WHAT YOU SHOULD DO:
Leaving out pictures, output exactly the lines below from the one that has "Women's Oversized Cotton" through the one that has "Mikina s traktorem", and nothing else.

RECORD EXCERPTS:
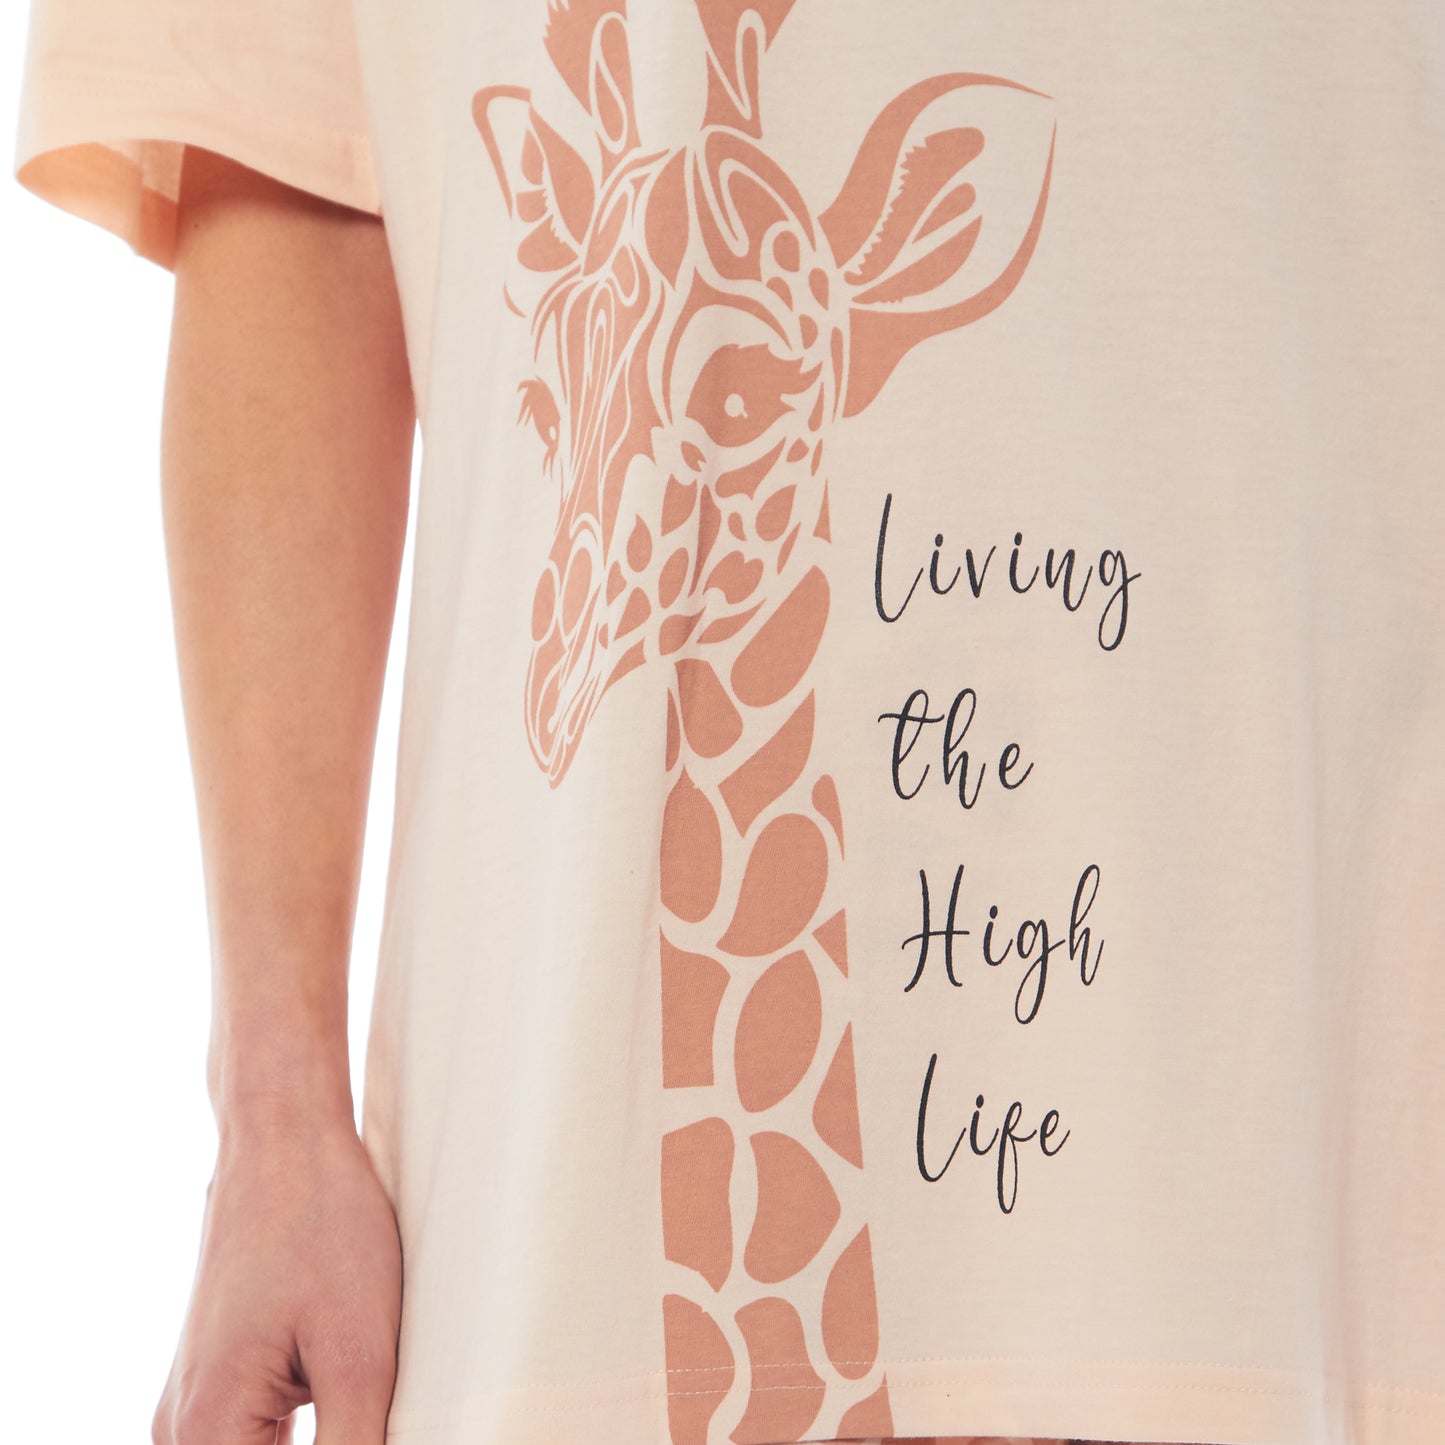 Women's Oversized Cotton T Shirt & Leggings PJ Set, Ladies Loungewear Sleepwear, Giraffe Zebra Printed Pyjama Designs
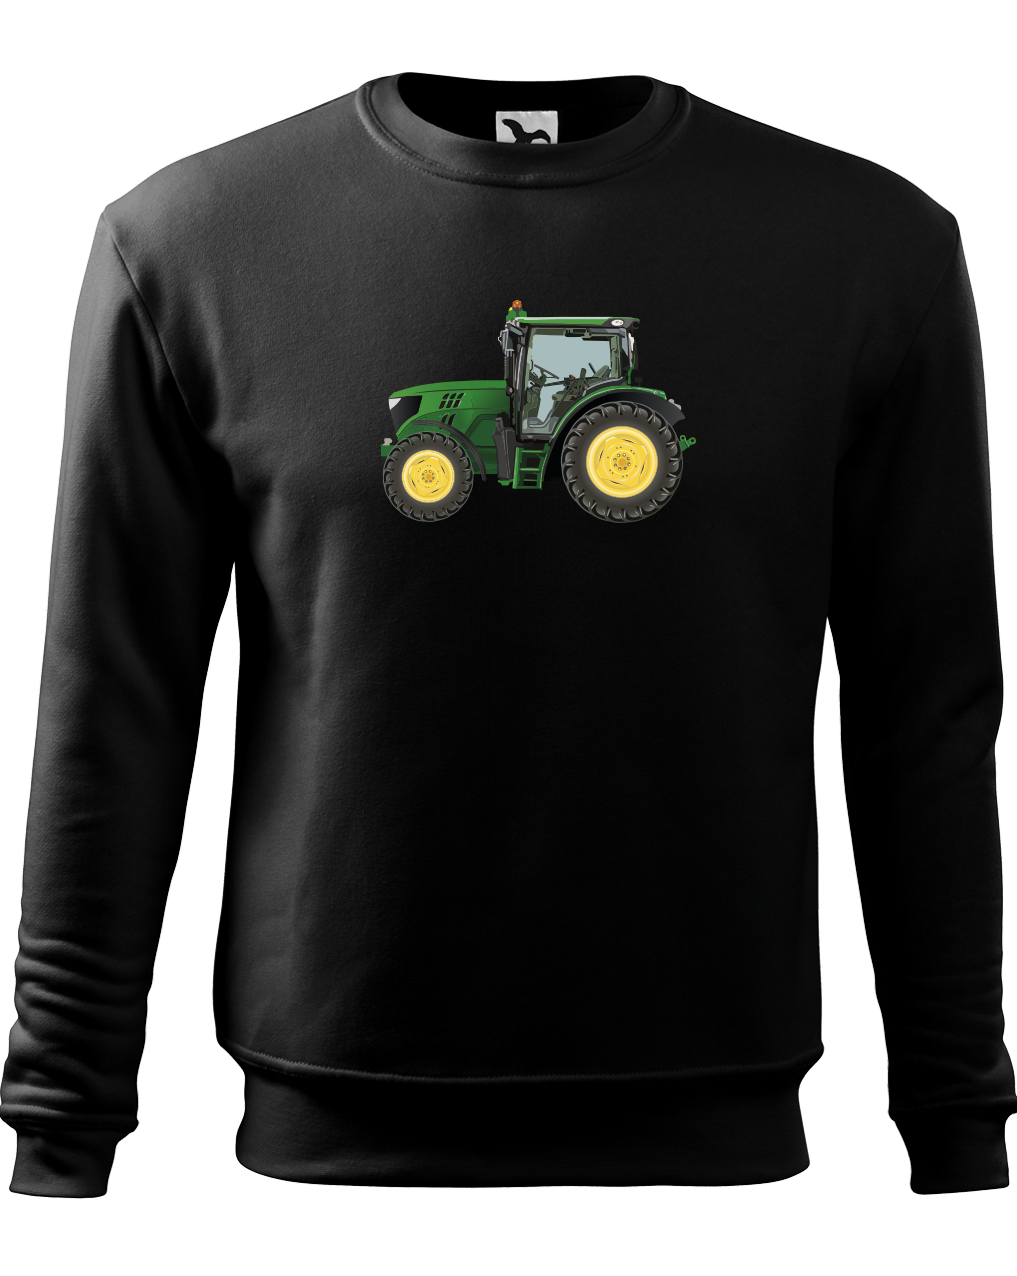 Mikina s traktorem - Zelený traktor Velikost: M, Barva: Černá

...

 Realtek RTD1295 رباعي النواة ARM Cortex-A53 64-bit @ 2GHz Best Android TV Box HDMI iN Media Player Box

--

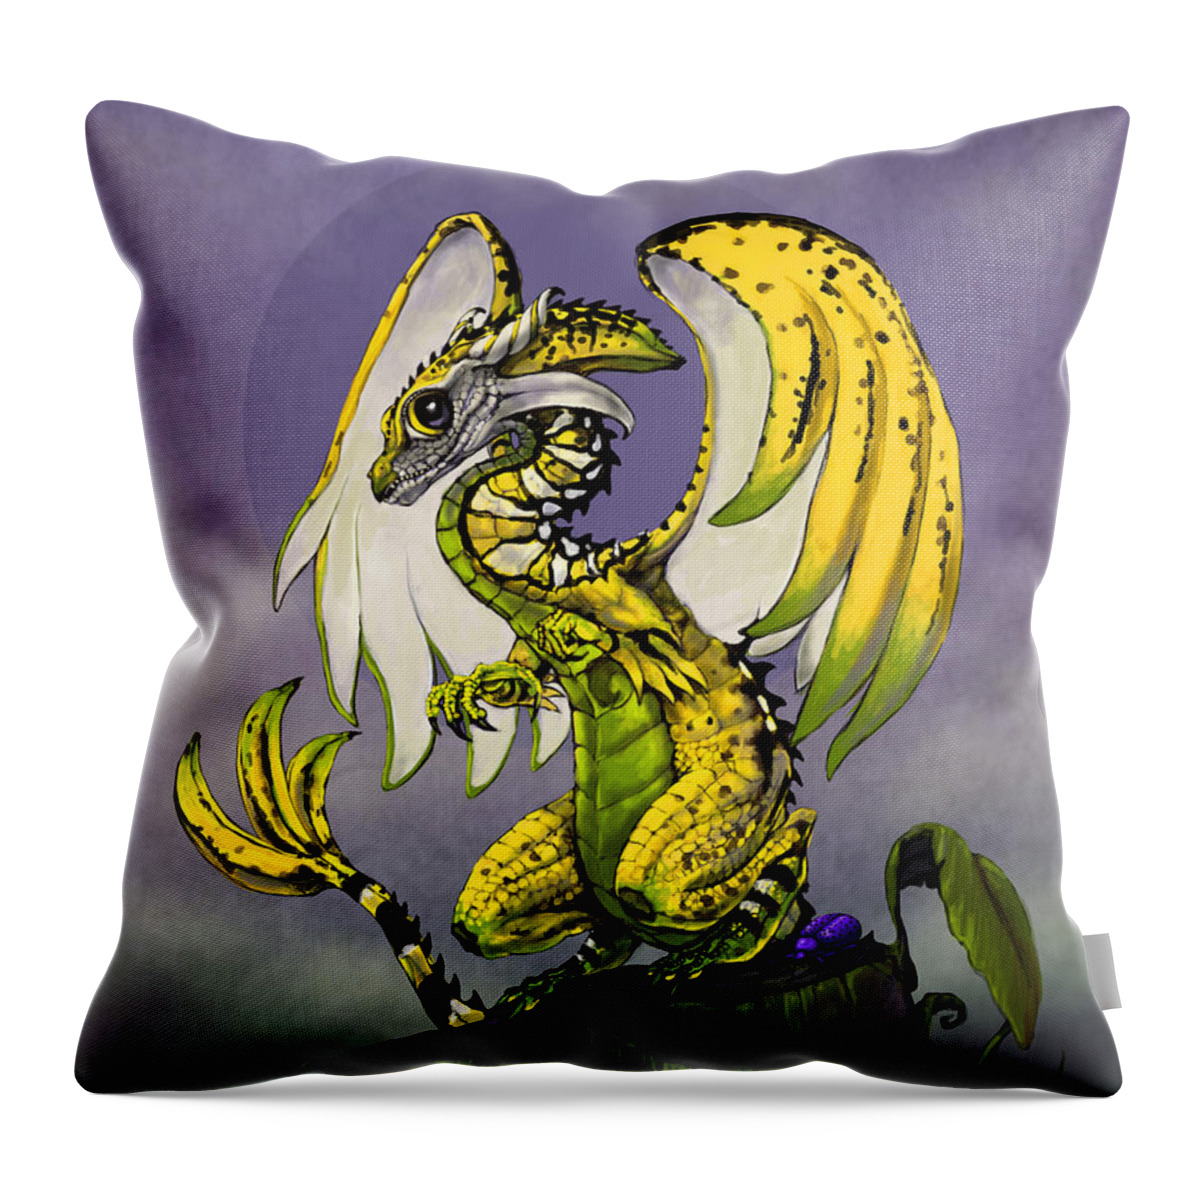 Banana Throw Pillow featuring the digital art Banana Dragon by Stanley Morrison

EXERCISE ANSWER:
 Women's Oversized Cotton T Shirt & Leggings PJ Set, Ladies Loungewear Sleepwear, Giraffe Zebra Printed Pyjama Designs
 Mikina s traktorem - Zelený traktor Velikost: M, Barva: Černá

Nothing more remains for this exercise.